:: DATASET SECTION ::
──────────────────────────────

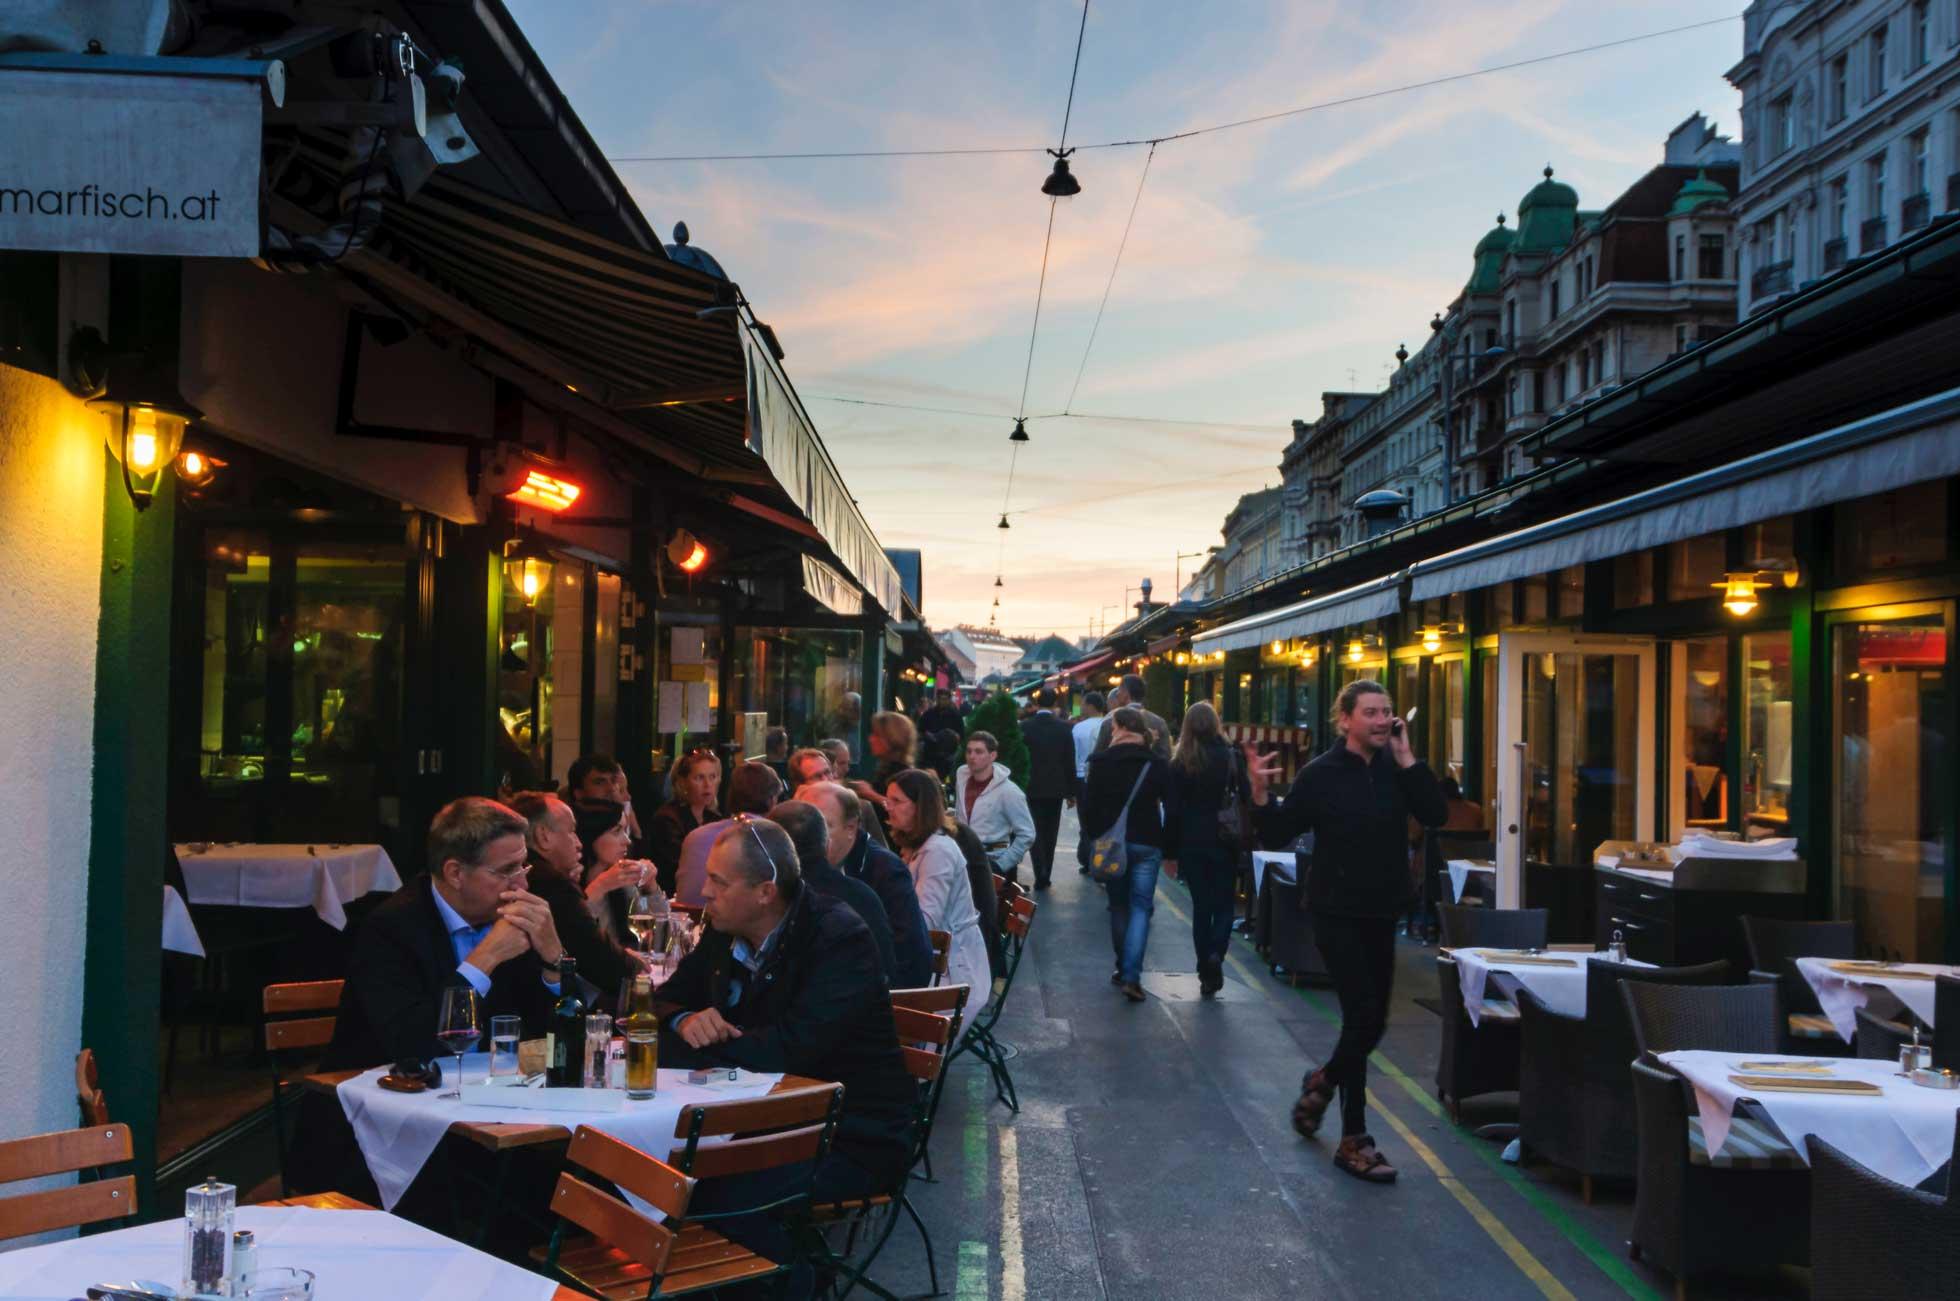 Kvällsliv med uterestauranger under konferensresan till Wien Österrike
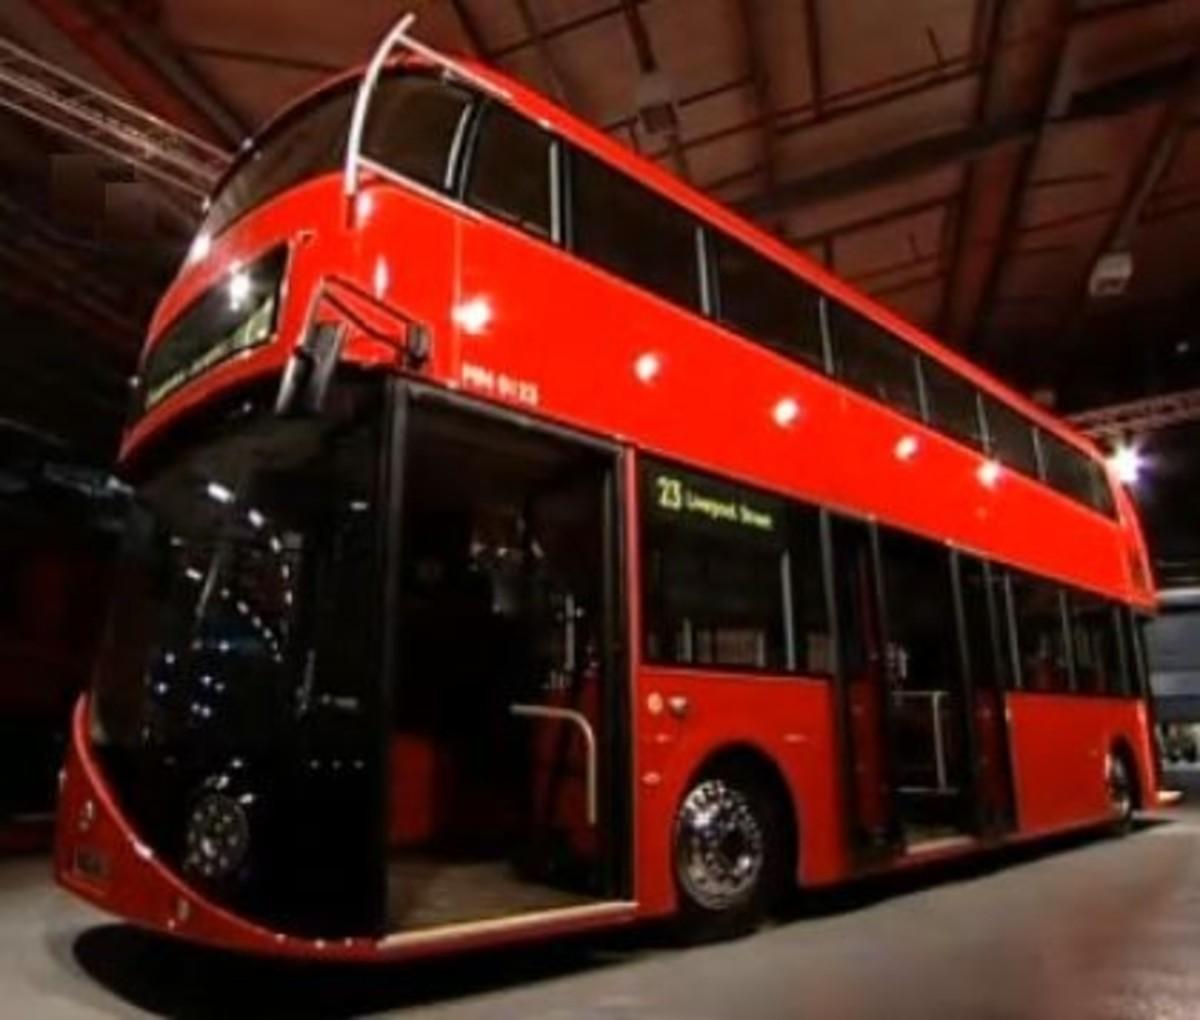 New Routemaster Bus Unveiled by Boris Johnson
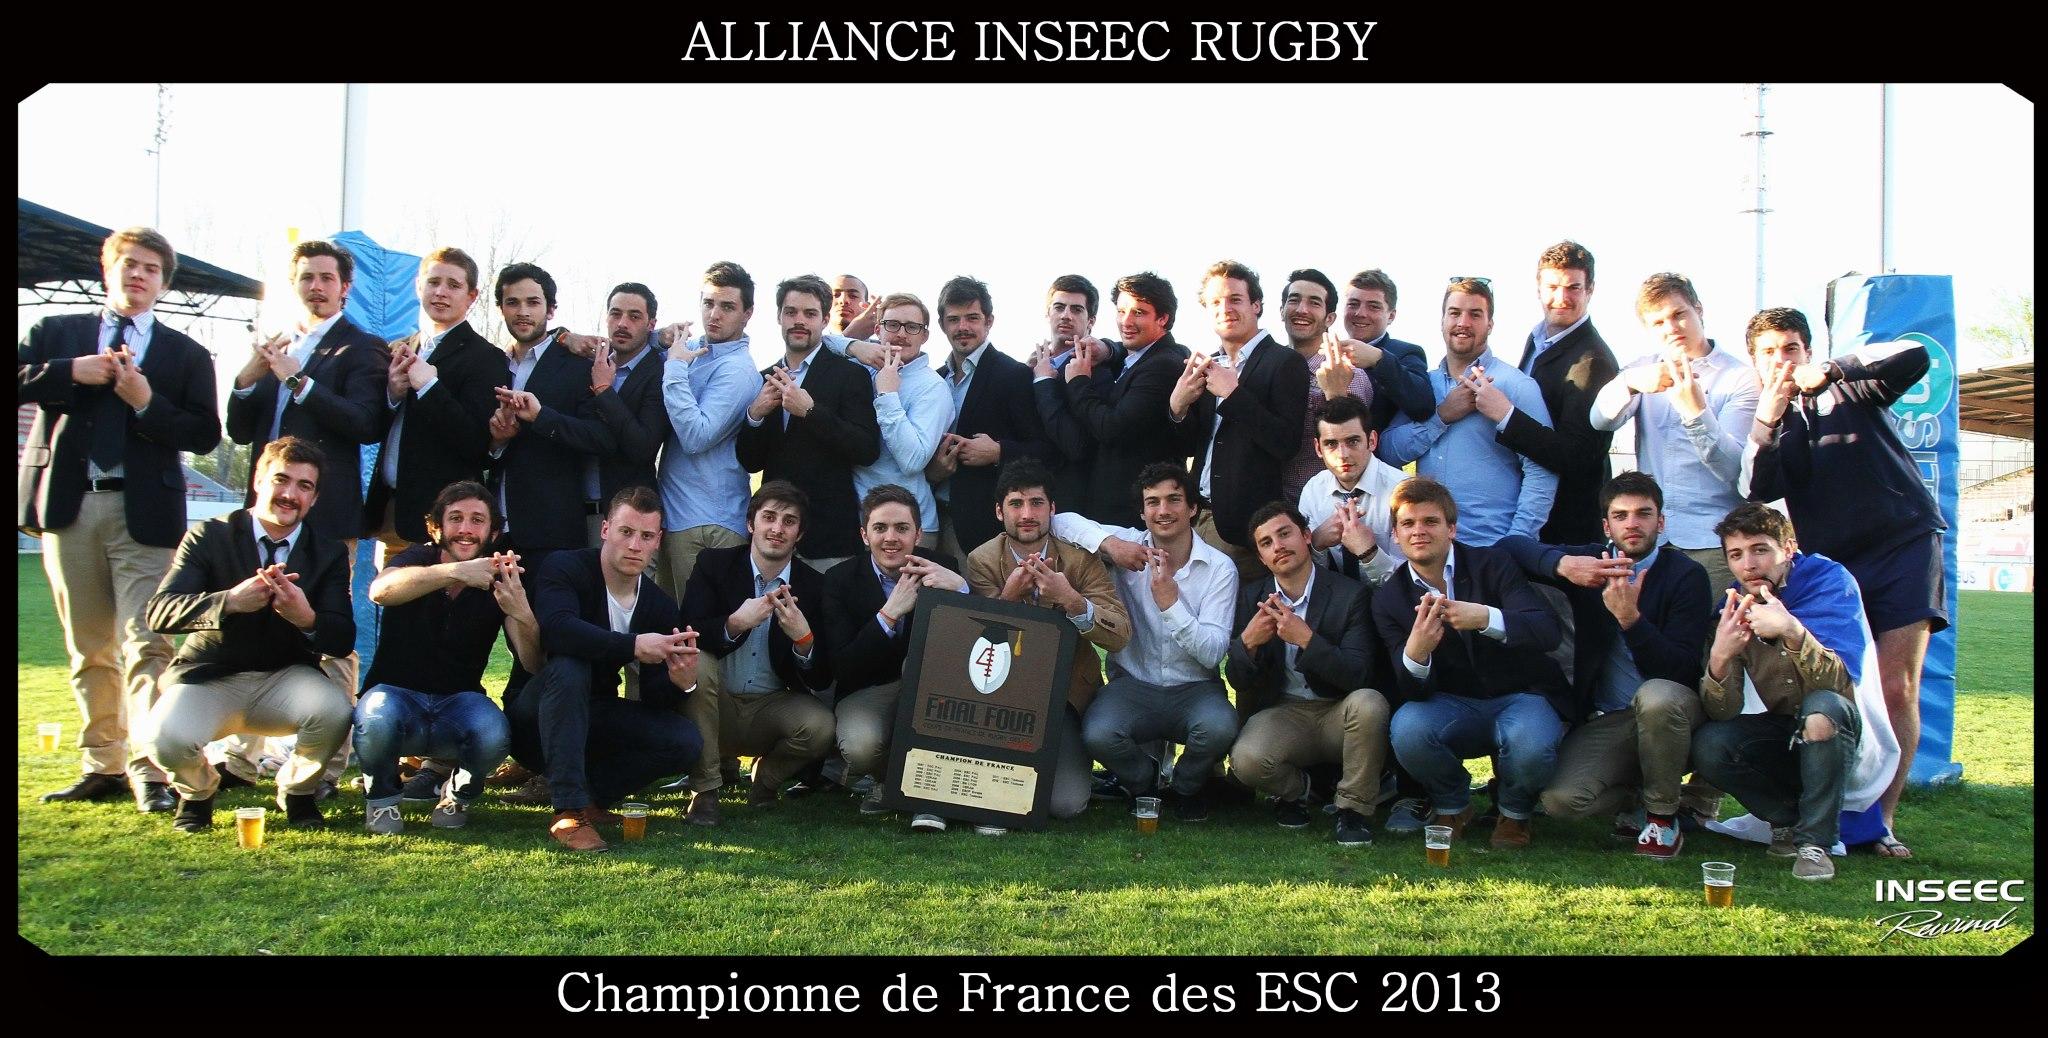 alliance-inseec-ece-championne-de-France-ESC-rugby

──────────────────────────────

:: PROBLEM DESCRIPTION ::
The lines from the one containing "New Routemaster Bus" to the end of the material must be output exactly, both ends included; no picture may appear.

:: SOLUTION TO THE EXERCISE ::
 New Routemaster Bus Unveiled by Boris Johnson
 alliance-inseec-ece-championne-de-France-ESC-rugby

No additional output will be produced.